Niçoise salad is a classic French salad originating from the city of Nice in the French Riviera. Filled with both fresh and cooked ingredients like tuna, hard-boiled eggs, tomatoes, green beans, lettuce, and boiled potatoes in a tangy lemon dressing, it's the perfect summertime salad.
In a small bowl, whisk together all of the ingredients for the lemon dressing until combined. Set aside.
Bring a large pot of salted water to a boil. Gently place the eggs in the water and cook for 7-10 minutes. Seven minutes will give jammier insides, whereas 9-10 minutes will result in more hard-boiled eggs. Carefully remove the eggs and transfer them to an ice bath for a few minutes, then gently crack, peel, and halve each one.
Bring a second pot of salted water to a boil. Add the baby potatoes and cook for 12-15 minutes or until fork tender. Using a slotted spoon, remove the potatoes from the pot (leaving the water in the pot). Transfer the potatoes to an ice bath, then cut them into quarters.
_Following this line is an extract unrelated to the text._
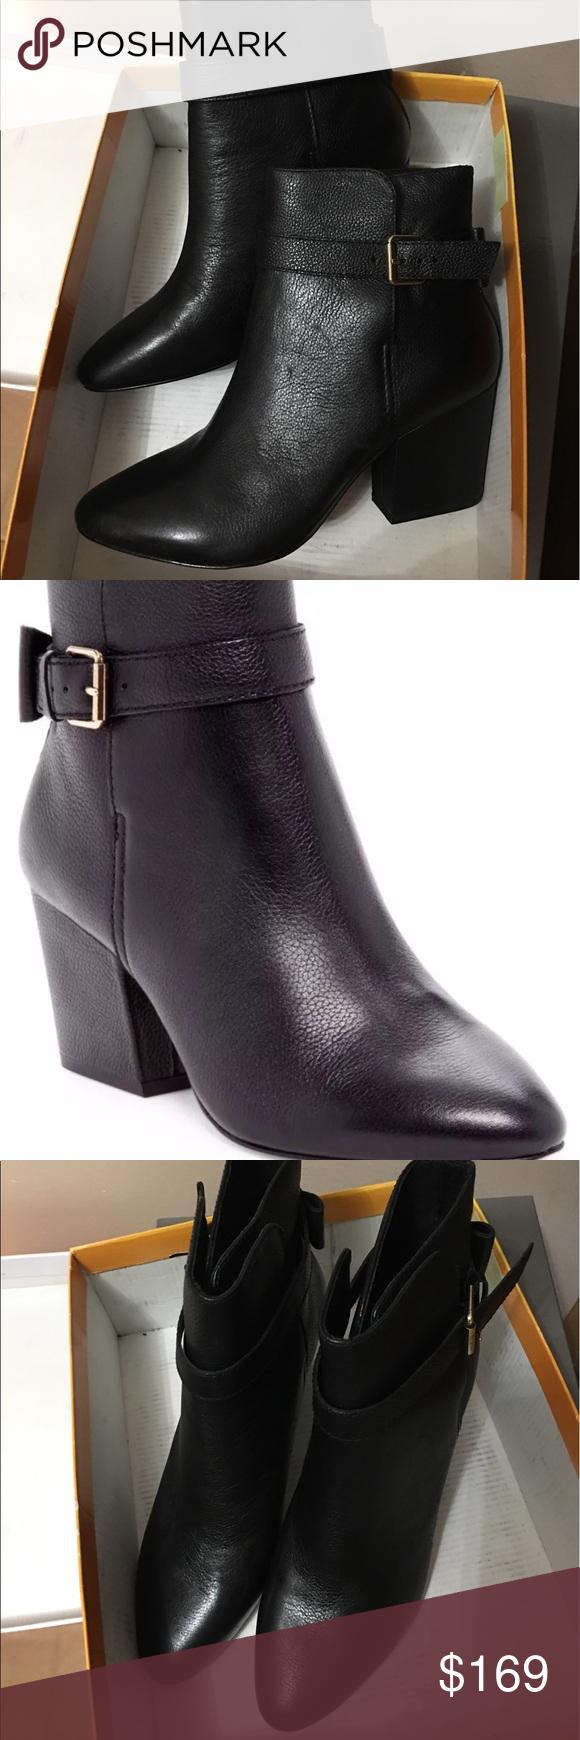 c6e779a8cfca Kate Spade Brandi booties size 9 black Kate Spade New York Brandi Bootie  Black pebbled leather

Return the water to a boil. Add the trimmed green beans. Blanch for 1-2 minutes or until they turn a bright green color. Transfer to an ice bath to chill before draining.
Over a large platter or salad plate, arrange the mixed greens. The greens will serve as the base for the salad.
Next, arrange the green beans, potatoes, eggs, olives, tomatoes, tuna, and red onion. Drizzle the dressing over the salad and gently toss (if desired).
Notes
Leftovers: For best results, store the salad ingredients separately in airtight containers in the refrigerator for up to two days. The salad dressing can be stored in an airtight container in the fridge for up to 2 weeks. Shake well before using.